TRIBUNNEWS.COM, JAKARTA - Mantan pimpinan Komisi Pemberantasan Korupsi (KPK) Chandra M Hamzah menegaskan tidak ada ketentuan dalam Undang-undang pimpinan KPK harus berasal dari unsur Kejaksaan.
Menurut Chandra, selama dirinya mengikuti kegiatan dalam Tim Persiapan Pembentukan Komisi Anti Korupsi, Kementerian Kehakiman dan Hak Asasi Manusia Republik Indonesia tahun 2000, tidak pernah dibicarakan keharusan adanya unsur jaksa atau unsur kepolisian sebagai Pimpinan KPK.
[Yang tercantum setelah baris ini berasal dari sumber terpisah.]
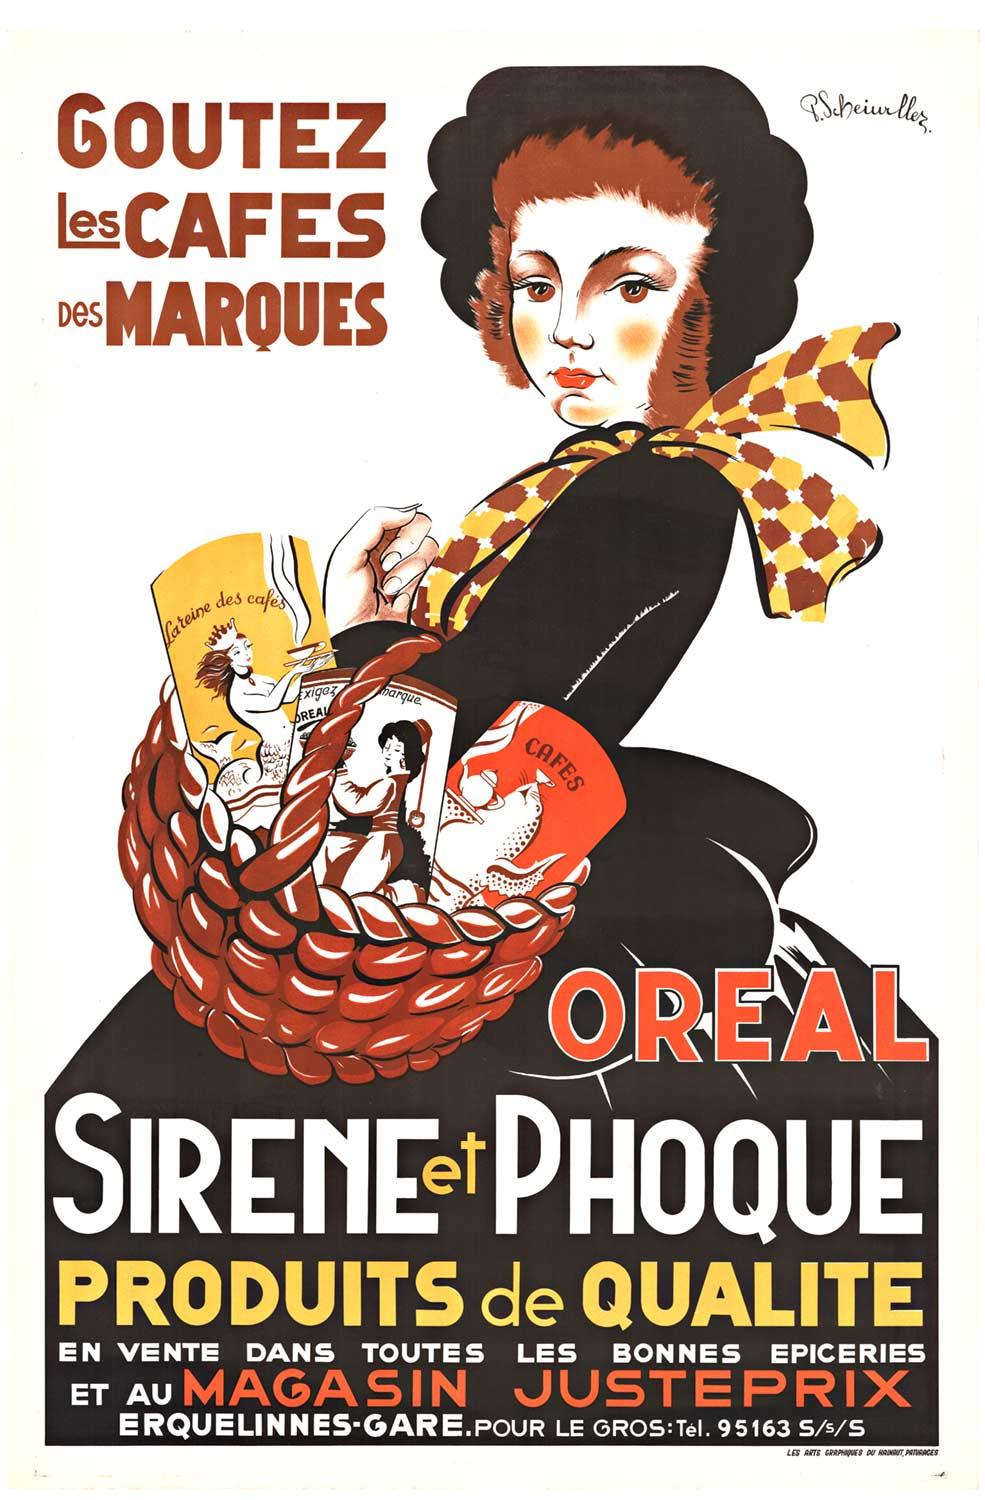 P. Scheiurllez Portrait Print - Orignal " Oreal Sirene et Phoque" 1940s coffee poster

Menurut Chandra, ketentuan Pasal 21 ayat (4) UU KPK hanya menyatakan bahwa Pimpinan KPK adalah penyidik dan penuntut umum.
"Pasal ini untuk mengantisipasi apabila ada keadaan luar biasa dimana mengharuskan Pimpinan KPK untuk melakukan penyidikan dan atau penuntutan sendiri," kata Chandra saat dihubungi, Jakarta, Kamis (26/11/2015).
Ketentuan lain, kata dia, adalah mengenai kompetensi pimpinan KPK yang diatur Pasal 29 huruf (d) UU KPK.
Pasal tersebut menyatakan pimpinan KPK berijazah sarjana hukum atau sarjana lain yang memiliki keahlian dan pengalaman sekurang-kurangnya 15 tahun dalam bidang hukum, ekonomi, keuangan, atau perbankan.
Adanya persyaratan tersebut, lanjut dia, dilatarbelakangi pemikiran bahwa pemberantasan korupsi tidak cukup dengan pendekatan hukum saja, melainkan diperlukan keahlian dibidang lain, yaitu ekonomi, keuangan, atau perbankan.
"Mengenai apakah calon-calon Pimpinan KPK memenuhi syarat tersebut atau tidak, silahkan DPR yang menilainya," tukas Komisaris PT PLN (Persero) itu.
Sebelumnya, salah satu alasan Komisi III DPR RI menunda pengambilan keputusan capim KPK adalah karena tidak ada unsur kejaksaan dalam kompisisi Capim KPK.